One of the big things we learned from this is that when looking at Kahuna, you also need to take a look at the (Kahu) value listed in WAFL_EX. If Kahu+Kahuna add up to around 100%, that is when you have a bottleneck in the Kahuna zone. We've run into this many times on our FAS6240s.
The Kahu value are items that CAN NOT run simultaneous with Kahuna items. This means that if (Kahu) is 60% and Kahuna is running at 39%, The Kahuna zone is actually at 99% - so it's bottlenecked.
There are some bugs in DOT that can contribute to this, I'd have to go back through some of my old information but I can tell you they're fixed in 8.1.4p1. However, workload can contribute immensely to this. In my experience, CIFS is impacted the most by this, since a lot of the CIFS operations are serial. Windows Offline folder caching appears to put a lot of serial workload on the controller. System operations that'll certainly impact it are things like snapmirror deswizzling, large snapshot updates firing off at once, etc. For the most part, NFS seems to have no issues, but CIFS latency will go through the roof and if you're at the edge, you won't know it until you cross it and CIFS becomes unusable.
-- Mike Garrison
On Tue, Apr 8, 2014 at 4:23 AM, Michael Bergman michael.bergman@ericsson.com wrote:
Kelley Green wrote:
We have a similar issue but different numbers. We will have one controller that is showing 100% cpu busy but when doing the sysstat -M all of the processors are showing fairly low usage. The Kahuna task is in the 80-90 plus percent.
- If you *really* have Kahuna in sysstat -M showing 80-90% you're definitely saturated and should already have latency issues. But... as always YMMV. Which version of ONTAP is this?
In general, over 50% [serial] Kahuna utlisation is a warning sign. It depends on what protocol(s) the machine is doing and what the workload is and how latency sensitive the application generating it is. There are workoads that drive s-Kahuna very much, and very little of anything else, and vice versa.
And please note:
cpu_busy and cpu_average are completely different things. I.e. these two PCs (perf counters) in the CM, show very different metrics:
system:system:cpu_busy system:system:avg_processor_busy
If we stick to 7-mode here and leave C.DOT out of it.

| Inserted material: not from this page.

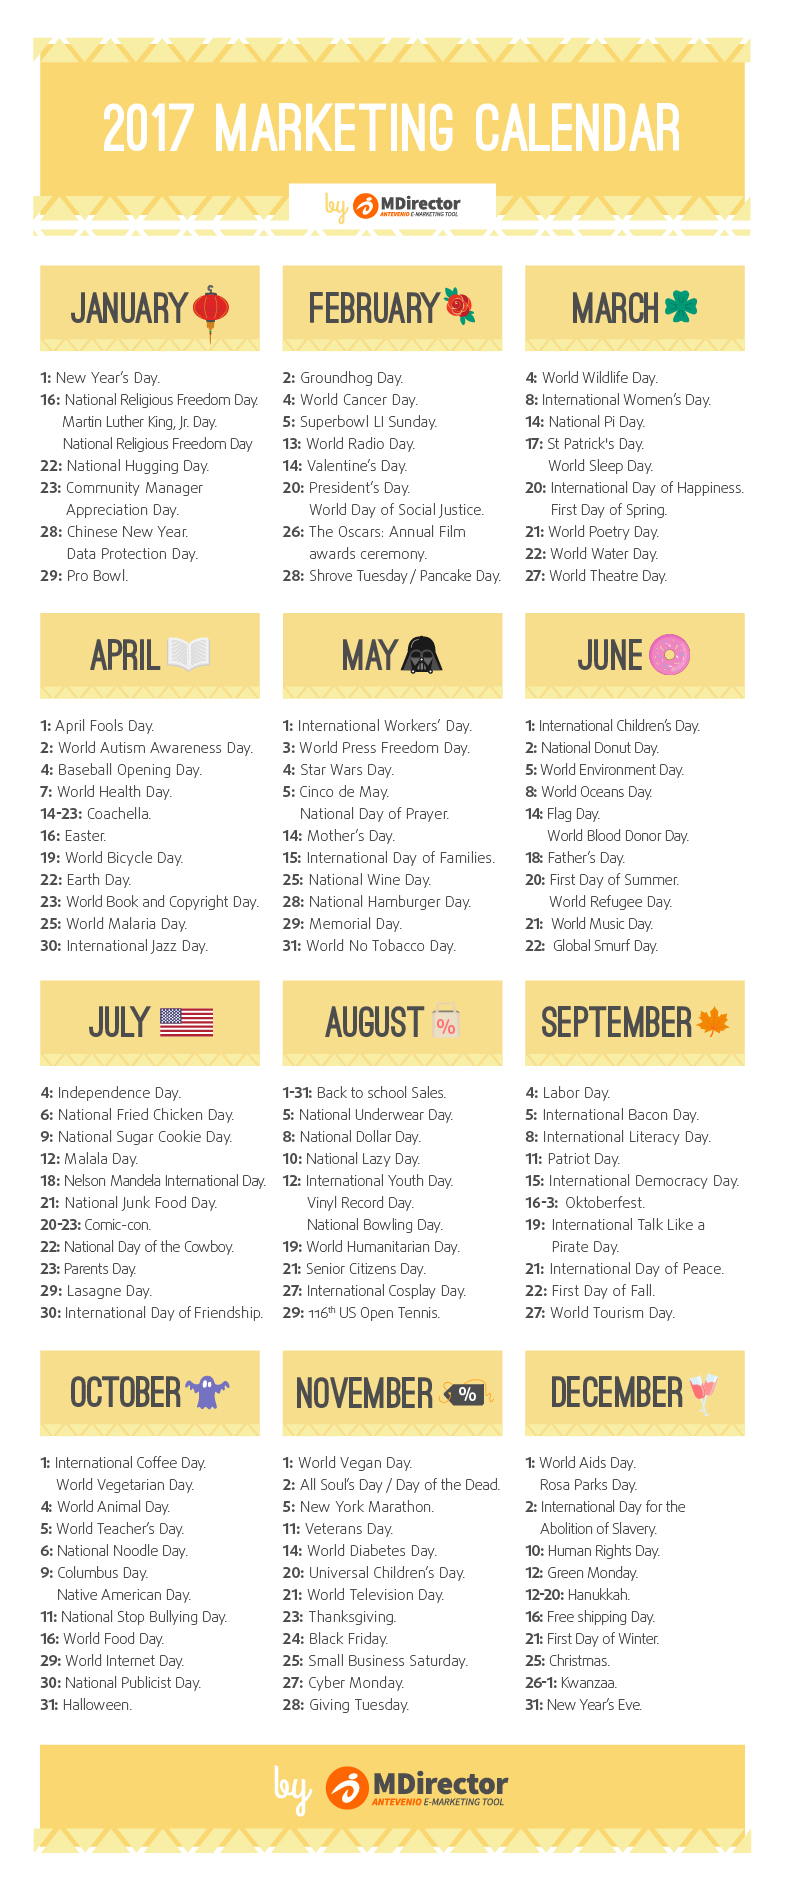 2017 Marketing Calendar

In a late ONTAP, say 8.1.1 with 4-8 cores, you can just ignore cpu_busy for any headroom judgement. The formula for how it's calculated is fairly complicated, but also rather meaningless these days. It used to be more meaningful when the kernel was much less threaded. The difference between 8.0.x and 8.1.x is pretty big in this respect and even more stuff was broken out of serial Kahuna in 8.2. Those of you still on 8.0.x (or even earlier) might be more insterested in cpu_busy.

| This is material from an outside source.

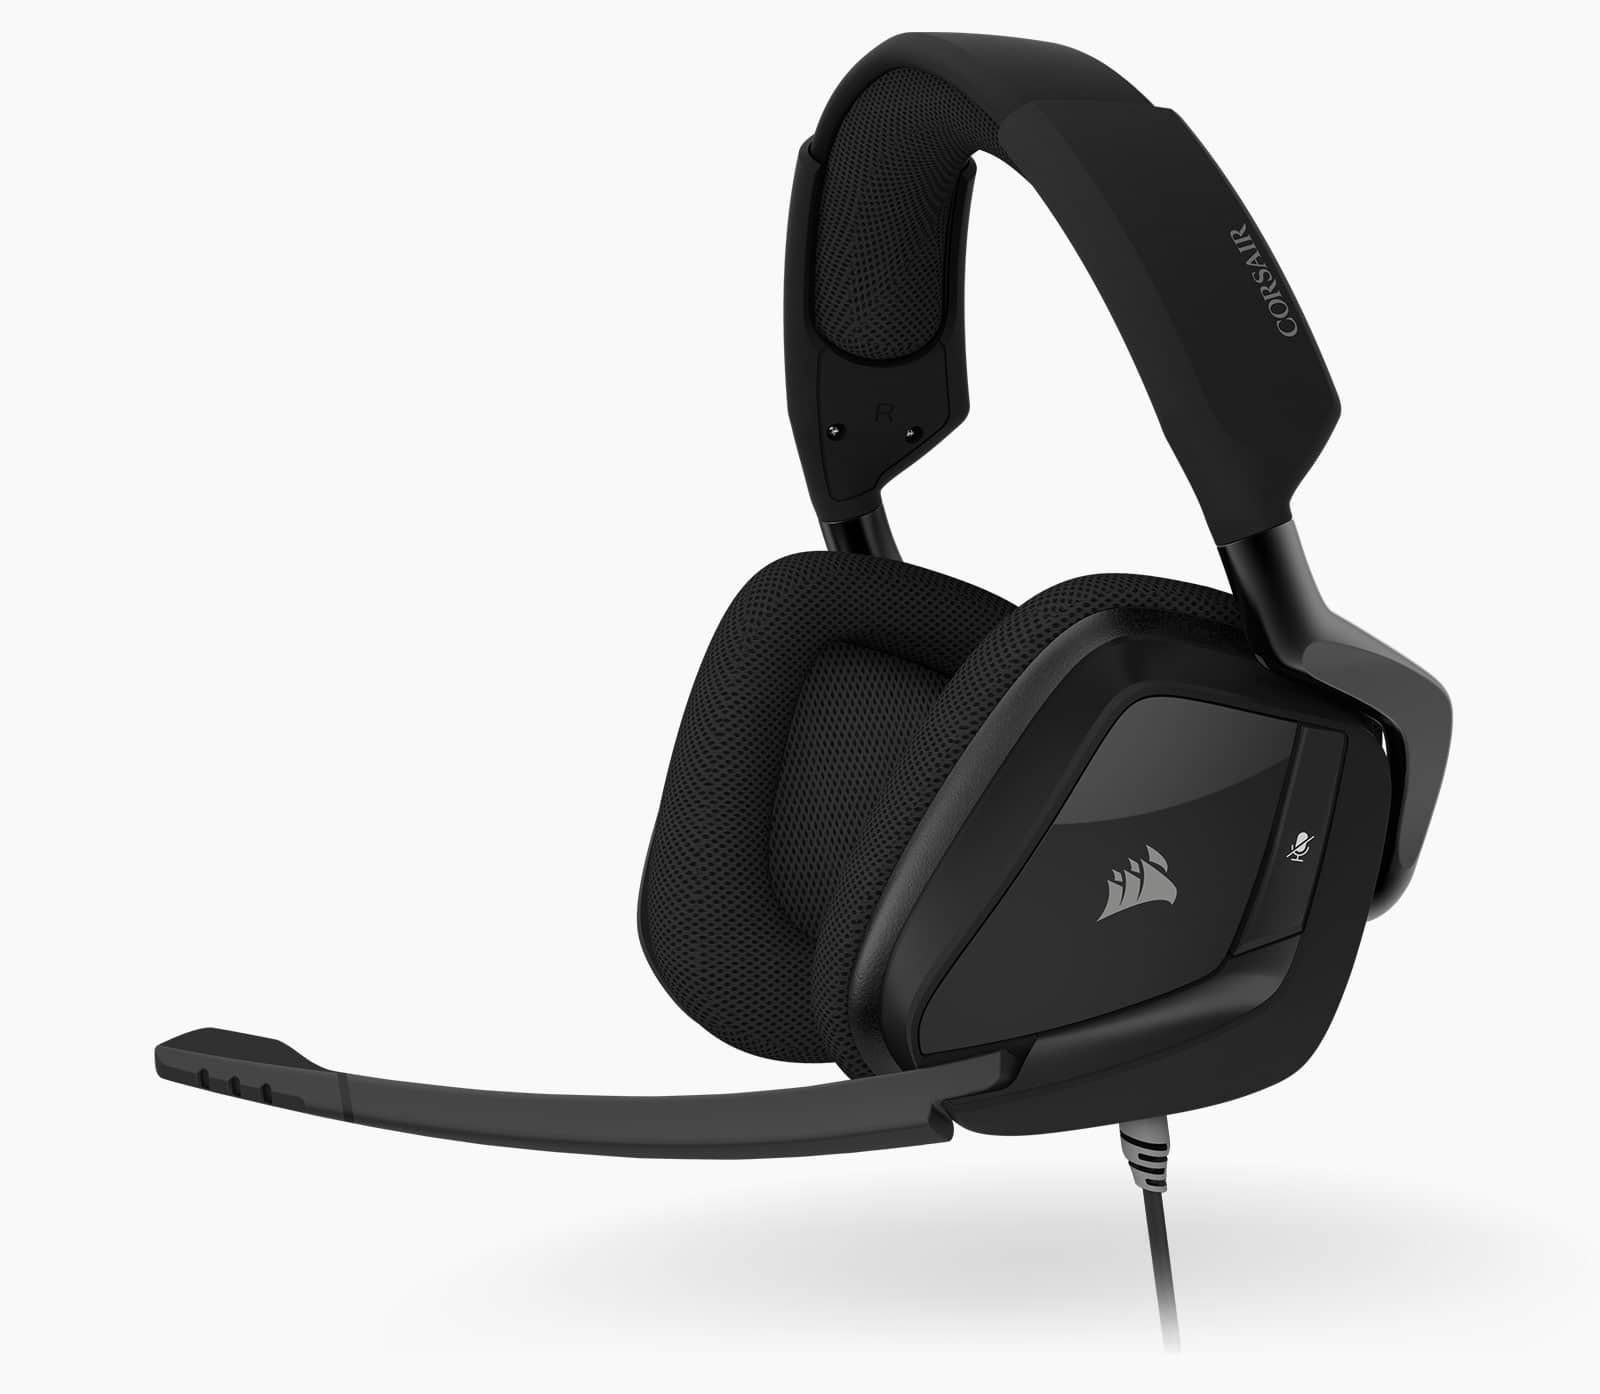 Theseus matchmaker sommer VOID ELITE SURROUND Premium Gaming Headset with 7.1 Surround Sound — Carbon

That said, if you do have a 8.1.1 or 8.2 machine with only 4 cores then it will also have too little memory to really deal with workload very well, things can get bad due to WAFL not getting enough buffers to do it's do. One can say that 8.1.1 and 8.2 is really for newer FAS boxes with 8 or more cores and a lot of RAM. Only then will it do a good job for you, and then it *really* does.

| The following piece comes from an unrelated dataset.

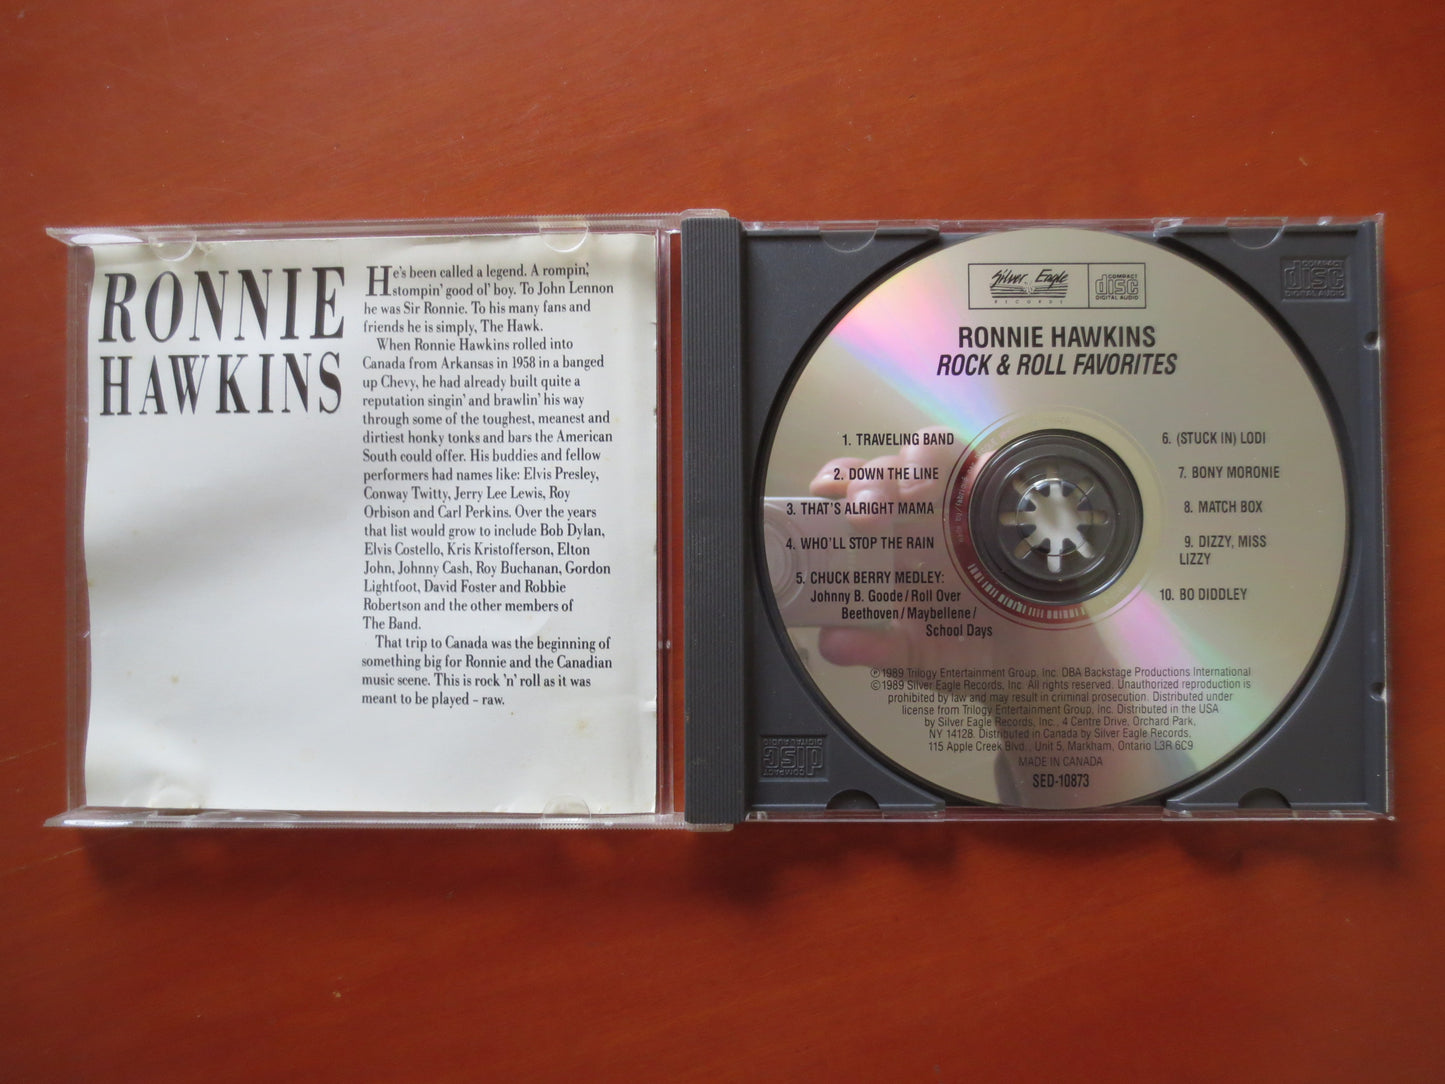 RONNIE HAWKINS, GREATEST Hits, Ronnie Hawkins Cd, Ronnie Hawkins Lp, Vintage Compact Disc, Music Cd, Pop Cd, 1989 Compact Disc

I usually now look at cpu_busy being <99% as a just a sign ("proof") that there are CPU resources (the union of kernel domain capacity and pure cycles) which are not being used for anything at all. But it can say 99% pretty much forever, and you still have lots of headroom for absorbing more workload pressure w/o effecting latency in any way. In 8.1.x and above, serial Kahuna, as seen in sysstat -M, doesn't do that much anymore and it's very rare that ut comes even close to 50% in a 6200 machine. It *can* happen if you have a type of wrokload that causes things to be done which is still in s-Kahuna, I've never seen such a workload close up myself. (Things are different in smaller Filers, the sammer 3100 and 3200 boxes are not as resilient to s-Kahuna being overloaded.)
In my searching I haven't found a clear answer of what is happening (other than background tasks) and have gotten no information about how to try to determine what is happening or how to limit whatever tasks are causing so much CPU busy. Granted the number is not an obvious problem since each CPU is not high usage but it's definitely affecting what is happening with the system.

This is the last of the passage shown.